На Стасика тоже иногда наваливались мысли: кто он и зачем? «Я Стасик, Стасик… Ну и что? А почему я именно Стасик? А что дальше?..» Про это он думал не раз, когда не спалось на больничной койке, а в небе – то бледные июльские звезды, то желтый ноготок полумесяца… И додумался тогда Стасик, что все-таки есть у человека бессмертная душа. Никакого там ада, рая и прочих чудес, про которые рассказывала соседская бабушка Алена, мама дяди Юры, конечно, быть не может, сказки это. А душа есть, потому что без нее было бы совсем глупо.
А случалось и так, что Стасик лежал на кровати и в то же время будто улетал к тем звездам, что в окне, и мчался среди них свободно и бездумно…
Но и мысли о бессмертной душе, которая когда-нибудь полетит в звездную бесконечность, не решали загадок. А зачем она, душа? А как это – вечность и бесконечность? Совсем-совсем без конца? Или где-то конец все-таки есть? А тогда – что за ним?..
Однако сейчас на лужайке речного откоса мысли эти лишь едва-едва мелькнули у Стасика. Просто книжка вспомнилась и Ким… Стасик поправил под ремешком ковбойку, по-следопытски глянул вперед.
Шагов через двести тропинка привела к развалившейся лестнице. Наверно, когда-то лестница спускалась к лодочной переправе. Но теперь переправа была совсем в другом месте, а от лестничных пролетов остались лишь отдельные участки с прогнившими ступенями. Остальное, скорее всего, во время войны растащили на дрова. Стасик поглядел сперва вперед, потом вверх. Пробираться сквозь заросли, по правде говоря, уже надоело, под рубашкой полно мусора, а коленки горят и чешутся. А кроме того, надо ведь посмотреть, что там наверху за улицы.
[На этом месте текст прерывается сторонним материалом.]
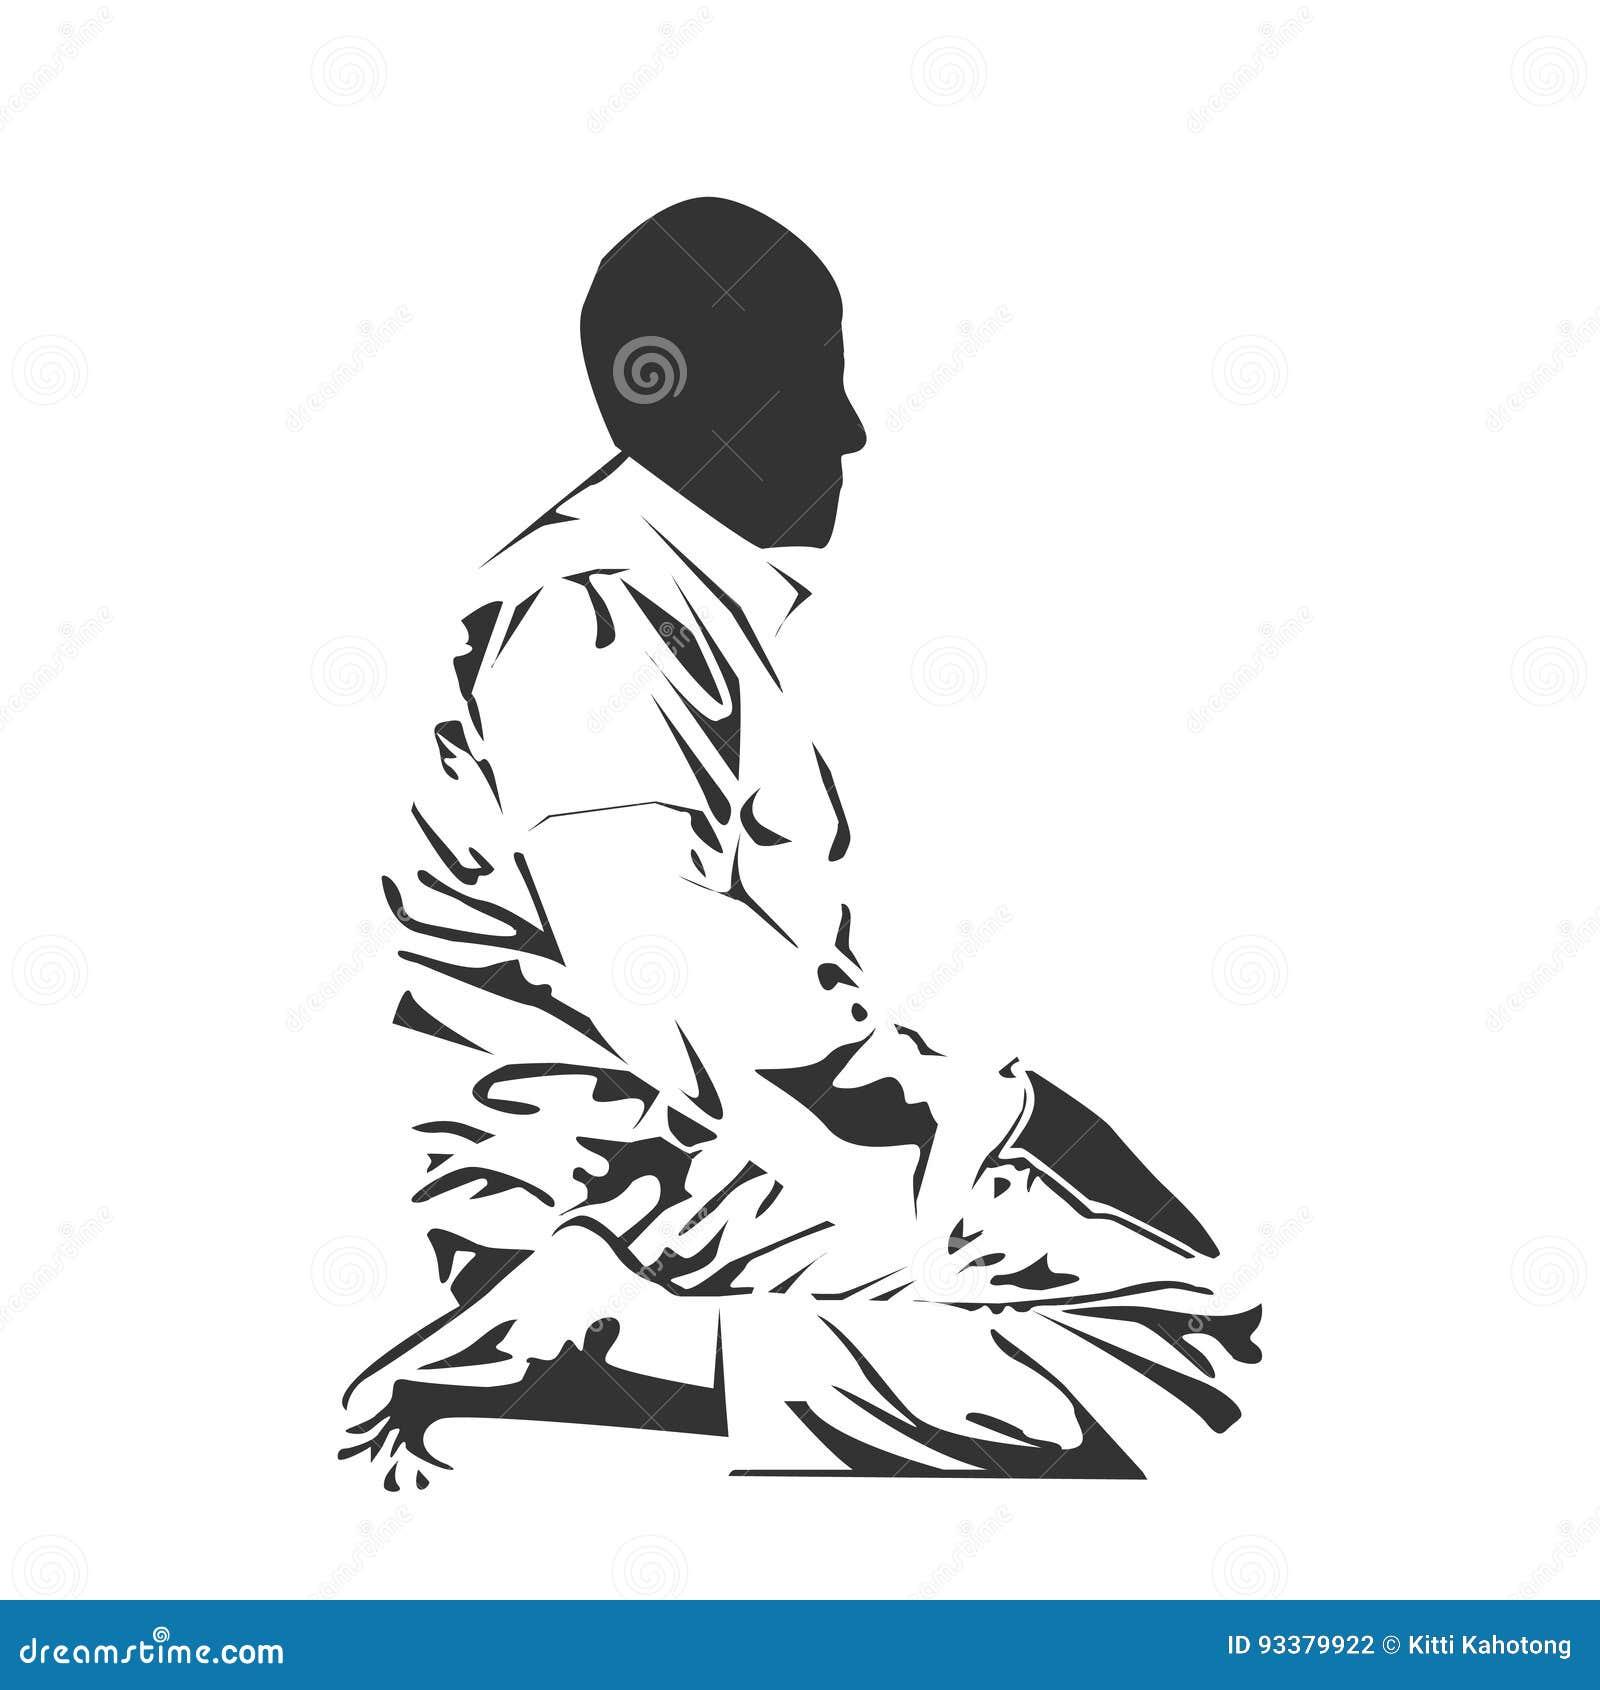 islamic man praying muslim prayer stock illustration illustration

То по хлипким ступеням, то прямо по откосу выбрался Стасик на высокую кромку берега. Оглядел, как покоритель Казбека, реку и землю до горизонта, поправил амуницию и двинулся в незнакомые края.
Улица Ермаковская, улица Тобольская, переулок Водников… Никогда Стасик здесь не бывал. Он жил в привокзальном районе, всегда словно припорошенном угольной пылью. Дома там – кирпичные или деревянные – были все похожи друг на друга: двухэтажные, с квадратными окнами, без всяких украшений. Кое-где между ними стояли длинные бараки. И единственным красивым зданием был похожий на терем Клуб железнодорожников, да и то он стоял ближе к центру, в Андреевском саду.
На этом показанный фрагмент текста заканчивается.